# Trebuchet. How far can you fling a golf ball?



## Lola Ranch (Mar 22, 2010)

I got right at 100 feet on the maiden voyage today after filing the all important hook on the end of the throwing arm.

Next I'll try adjustments to the length of the sling cords and them maybe adjust the pivot points. Then I'll try tilting it forwards or back to dial in the optimum trajectory.

I think I can eventually get 150 feet. I don't want to add any more weight, I think the frame work is maxed out.

This is an original design built from scratch starting with the logs cut from an old cherry tree out of an orchard. It's all held together by wedged through tenons, sliding dovetails and wood pins. It can be completely taken apart in about 20 seconds after a few taps with a mallet. It has a foot activated dovetailed hinged stirrup trigger gizmo that works great. My one concession to modern hardware is the straps into the concrete weight and two washers. 

This was fun, Bret


----------



## phinds (Mar 25, 2009)

really cool


----------



## Ella Menneau P. (Jun 7, 2009)

Fetchez la vache!


----------



## Streamwinner (Nov 25, 2008)

Amazing project. Please post video of siege on enemy gate.


----------



## ACP (Jan 24, 2009)

The evil tan army doesn't stand a chance. That is really cool.


----------



## GeorgeC (Jul 30, 2008)

I can beat 100 feet with my 60 deg. wedge.

G


----------



## woodnthings (Jan 24, 2009)

*G*

Maybe you can, but not Tiger these days.....

Very nice work on the catapult...can't spell trebochey....
This is an anarchists weapon of choice ....not illegal, portable, single shot, low recoil, unobtrusive?
Full size would be next?  bill


----------



## Skeaterbait (Jul 28, 2009)

I watched a very interesting special on these once. A weapon invented by the Chinese, given a French name and made famous by the English....:blink:

Anyhow, what they found in their experiements is that they were able to gain significantly more distance and stability by adding wheels to the base allowing the base to first roll forward as the weight drops then backwards on the opposite swing and surprising coming to rest in nearly the same spot it started.


----------



## Daren (Oct 14, 2006)

Ella Menneau P. said:


> Fetchez la vache!


:lol:


----------



## Daren (Oct 14, 2006)

Neat siege machine Bret.


----------



## Kenbo (Sep 16, 2008)

That's just cool. You can't just show us this thing and not show it in action. Take a video and post in on Youtube and give us the link. A very cool project.


----------



## Ella Menneau P. (Jun 7, 2009)

Kenbo said:


> That's just cool. You can't just show us this thing and not show it in action. Take a video and post in on Youtube and give us the link. A very cool project.


I second this!


----------



## nblumert (Oct 15, 2008)

Nice looking Trebuchet.
In school we had to build one of these things. The one a buddy and I made was huge compared to all of the others. It took 3 people to pull the arm back and lock the pin. We had 20-25ft of surgical tubing would around 2 eye bolts that flung the arm at a stagering speed. We knew we were on to something when we broke a 2X4 flipped on its edge. After that broke, we stepped it up a notch to a pressure treated 4x4. After 3 shots with that, we snapped that all to hell too, but not before making whatever we were throwing go 3/4 of the football field. The next closest throw was no more than 15ft. Needless to say, we easily won that competition, and aced the project.
Nick


----------



## dbhost (Jan 28, 2008)

woodnthings said:


> Full size would be next?  bill


Why is it that my first thought when I saw that was...
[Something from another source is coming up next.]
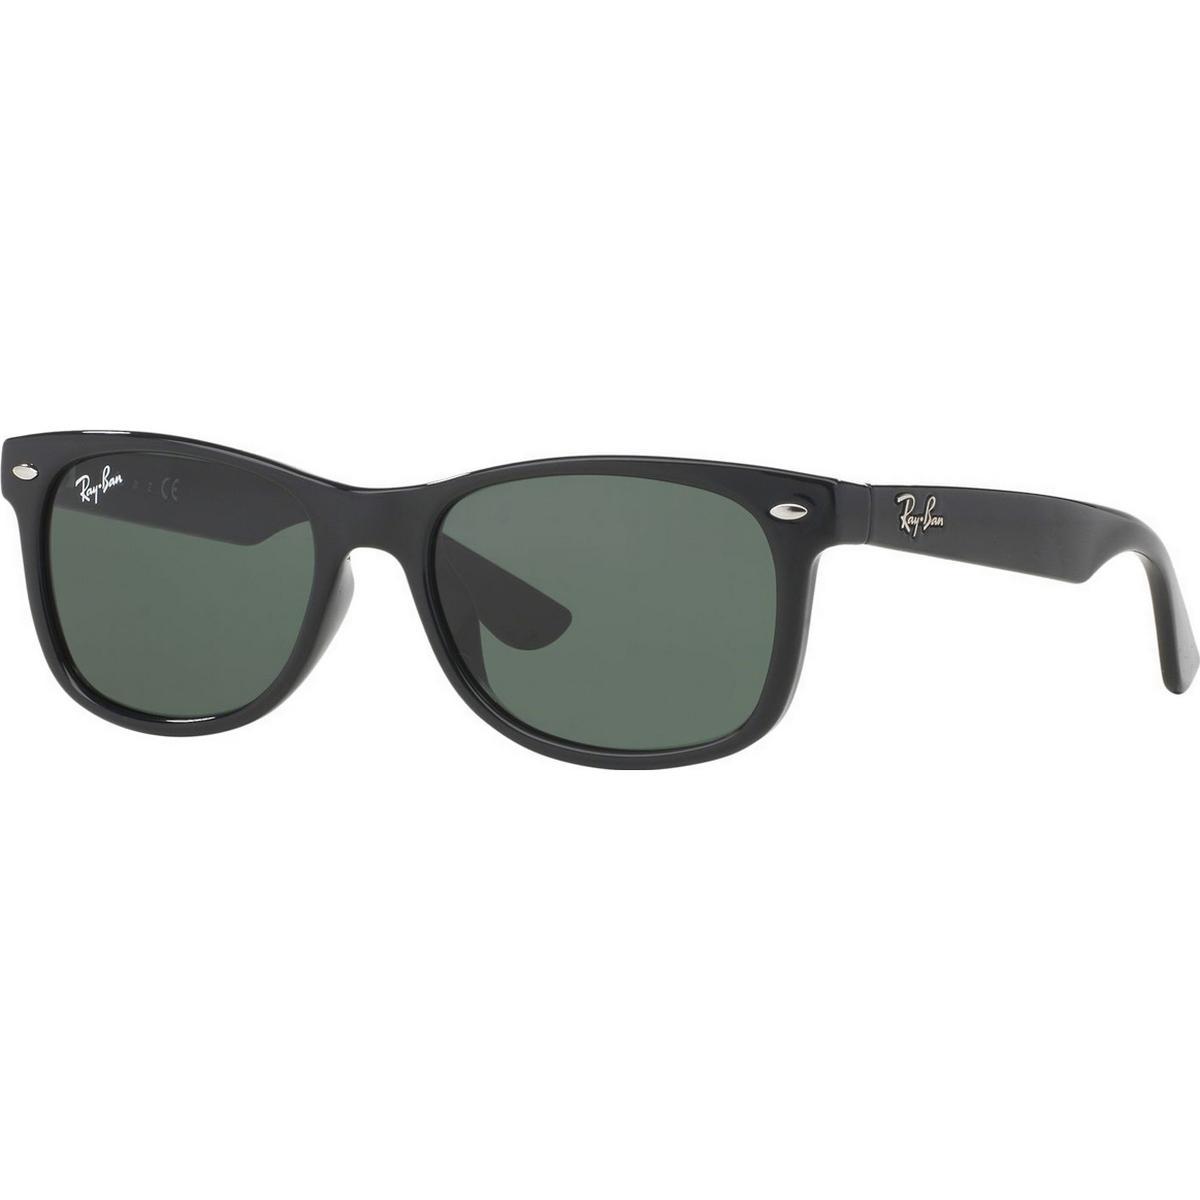 024d93e1c54 Børne solbriller - Sammenlign priser hos PriceRunner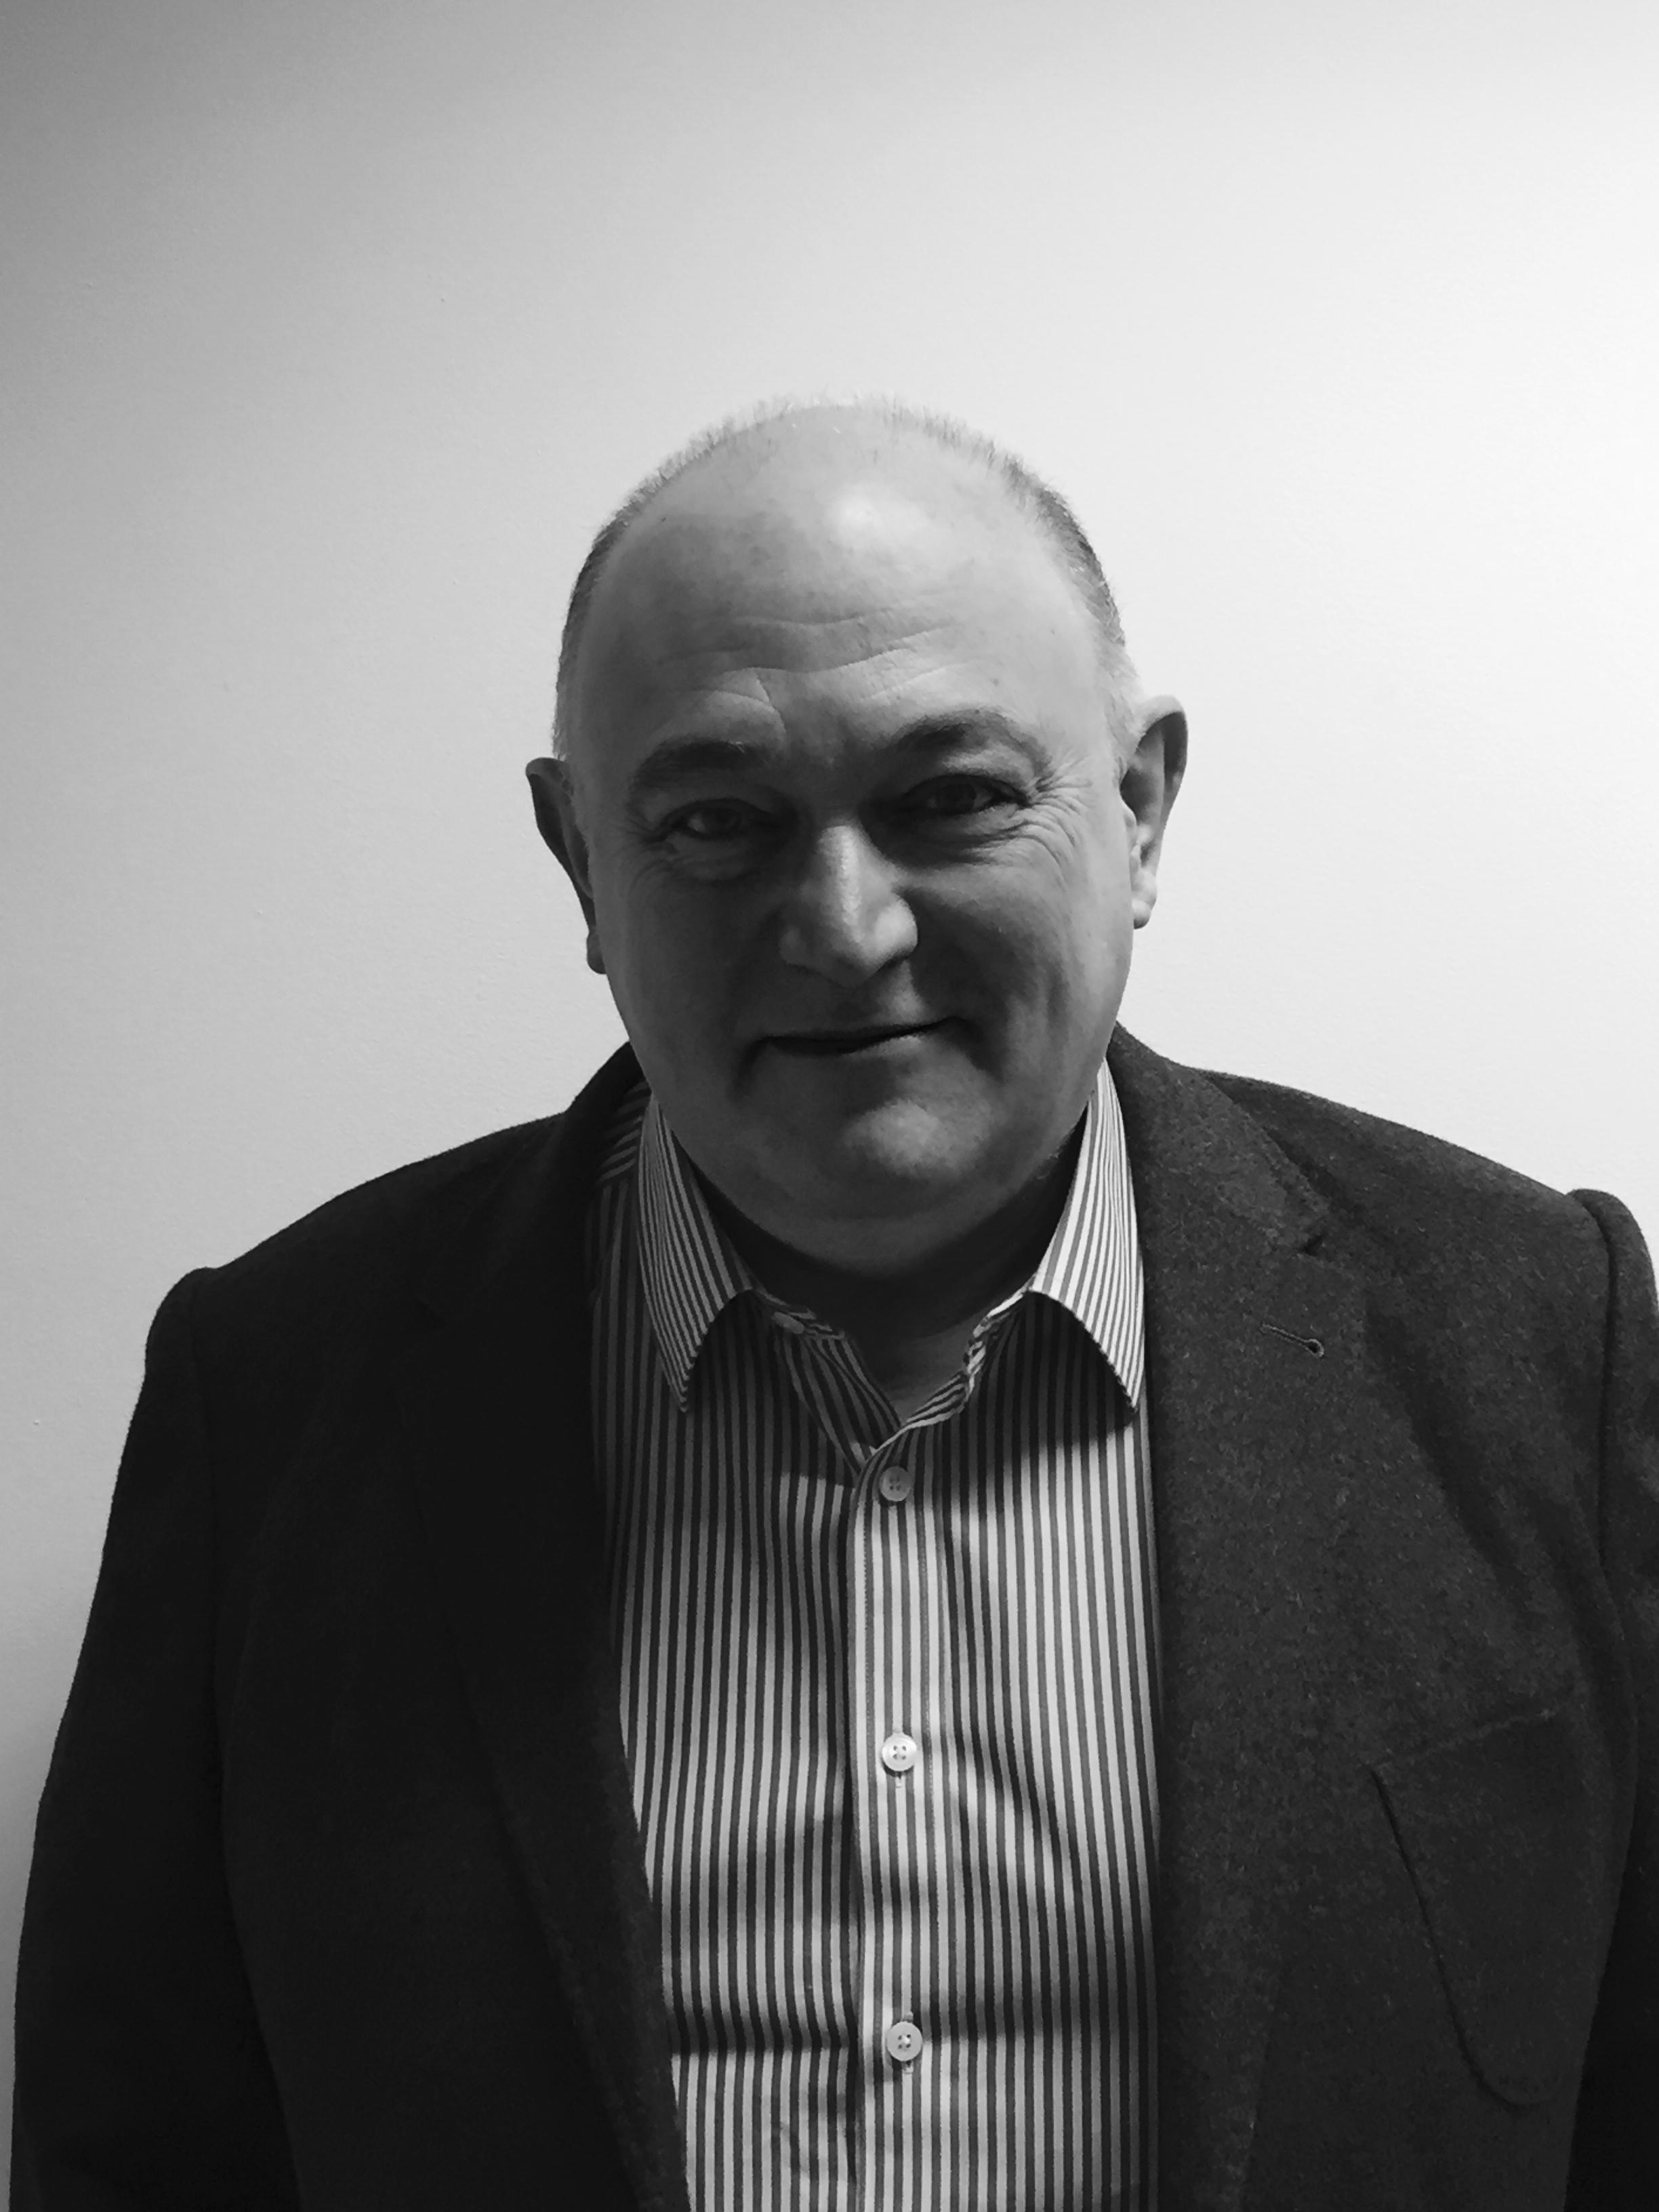 Ian Fogarty

"I wonder if I can slide that past the HOA?"


----------



## Itchy Brother (Aug 22, 2008)

I'm surprised there isnt a national competition on building these and seeing who can hurl something the farthest.Looks great.


----------



## Skeaterbait (Jul 28, 2009)

Itchy Brother said:


> I'm surprised there isnt a national competition on building these and seeing who can hurl something the farthest.Looks great.


Have you ever watched "Punkin Chunkin"?:yes:


----------



## Lola Ranch (Mar 22, 2010)

*Trebuchet or Catapult?*

Nick, 

It sounds to me like what you built might be considered a catapult rather than a trebuchet, utilizing spring loaded tension rather than a dropping weight and leverage. Due to the whipping action of the trebuchet, I think they a capable of greater throwing distances.

There are lots of videos on youtube of people flinging all kinds of things, including pianos and cars, with some items being thrown many hundreds of yards. 

My treuchet is for someone interested in the technology without going to the extreme.

Bret


----------



## nblumert (Oct 15, 2008)

Bret, 
Your right. Mine was a catapult because of the loaded tension. Probably much easier to make than your trebuchet. I'm sure the person you are building it for will love it.
Nick


----------